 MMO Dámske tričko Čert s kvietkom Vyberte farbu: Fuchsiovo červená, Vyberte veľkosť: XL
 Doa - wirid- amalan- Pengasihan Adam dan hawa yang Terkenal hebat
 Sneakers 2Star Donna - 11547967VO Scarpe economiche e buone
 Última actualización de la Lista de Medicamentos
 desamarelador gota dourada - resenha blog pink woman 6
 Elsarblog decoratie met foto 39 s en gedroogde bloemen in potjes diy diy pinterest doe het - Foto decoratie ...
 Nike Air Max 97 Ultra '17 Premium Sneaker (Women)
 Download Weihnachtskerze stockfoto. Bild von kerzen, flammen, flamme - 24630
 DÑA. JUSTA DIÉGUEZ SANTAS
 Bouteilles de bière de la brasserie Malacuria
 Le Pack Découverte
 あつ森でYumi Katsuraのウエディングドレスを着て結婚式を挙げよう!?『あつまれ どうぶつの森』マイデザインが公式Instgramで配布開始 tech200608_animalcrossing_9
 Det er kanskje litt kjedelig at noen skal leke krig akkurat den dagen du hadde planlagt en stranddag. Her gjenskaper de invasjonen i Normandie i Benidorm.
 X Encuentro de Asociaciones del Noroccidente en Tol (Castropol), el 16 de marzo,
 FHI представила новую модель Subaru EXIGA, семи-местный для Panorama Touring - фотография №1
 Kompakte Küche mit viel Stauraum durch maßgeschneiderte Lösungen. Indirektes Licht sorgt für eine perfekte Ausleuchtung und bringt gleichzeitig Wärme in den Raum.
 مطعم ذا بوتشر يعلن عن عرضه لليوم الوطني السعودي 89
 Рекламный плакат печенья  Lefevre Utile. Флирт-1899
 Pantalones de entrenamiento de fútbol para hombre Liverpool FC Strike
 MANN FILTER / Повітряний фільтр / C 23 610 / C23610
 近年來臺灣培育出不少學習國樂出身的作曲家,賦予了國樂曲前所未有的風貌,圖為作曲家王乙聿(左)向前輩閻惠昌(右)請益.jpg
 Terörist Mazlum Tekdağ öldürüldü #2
§ §
**Task item**
Each line of the data is to be restated exactly.

**Reply**
 MMO Dámske tričko Čert s kvietkom Vyberte farbu: Fuchsiovo červená, Vyberte veľkosť: XL
 Doa - wirid- amalan- Pengasihan Adam dan hawa yang Terkenal hebat
 Sneakers 2Star Donna - 11547967VO Scarpe economiche e buone
 Última actualización de la Lista de Medicamentos
 desamarelador gota dourada - resenha blog pink woman 6
 Elsarblog decoratie met foto 39 s en gedroogde bloemen in potjes diy diy pinterest doe het - Foto decoratie ...
 Nike Air Max 97 Ultra '17 Premium Sneaker (Women)
 Download Weihnachtskerze stockfoto. Bild von kerzen, flammen, flamme - 24630
 DÑA. JUSTA DIÉGUEZ SANTAS
 Bouteilles de bière de la brasserie Malacuria
 Le Pack Découverte
 あつ森でYumi Katsuraのウエディングドレスを着て結婚式を挙げよう!?『あつまれ どうぶつの森』マイデザインが公式Instgramで配布開始 tech200608_animalcrossing_9
 Det er kanskje litt kjedelig at noen skal leke krig akkurat den dagen du hadde planlagt en stranddag. Her gjenskaper de invasjonen i Normandie i Benidorm.
 X Encuentro de Asociaciones del Noroccidente en Tol (Castropol), el 16 de marzo,
 FHI представила новую модель Subaru EXIGA, семи-местный для Panorama Touring - фотография №1
 Kompakte Küche mit viel Stauraum durch maßgeschneiderte Lösungen. Indirektes Licht sorgt für eine perfekte Ausleuchtung und bringt gleichzeitig Wärme in den Raum.
 مطعم ذا بوتشر يعلن عن عرضه لليوم الوطني السعودي 89
 Рекламный плакат печенья  Lefevre Utile. Флирт-1899
 Pantalones de entrenamiento de fútbol para hombre Liverpool FC Strike
 MANN FILTER / Повітряний фільтр / C 23 610 / C23610
 近年來臺灣培育出不少學習國樂出身的作曲家,賦予了國樂曲前所未有的風貌,圖為作曲家王乙聿(左)向前輩閻惠昌(右)請益.jpg
 Terörist Mazlum Tekdağ öldürüldü #2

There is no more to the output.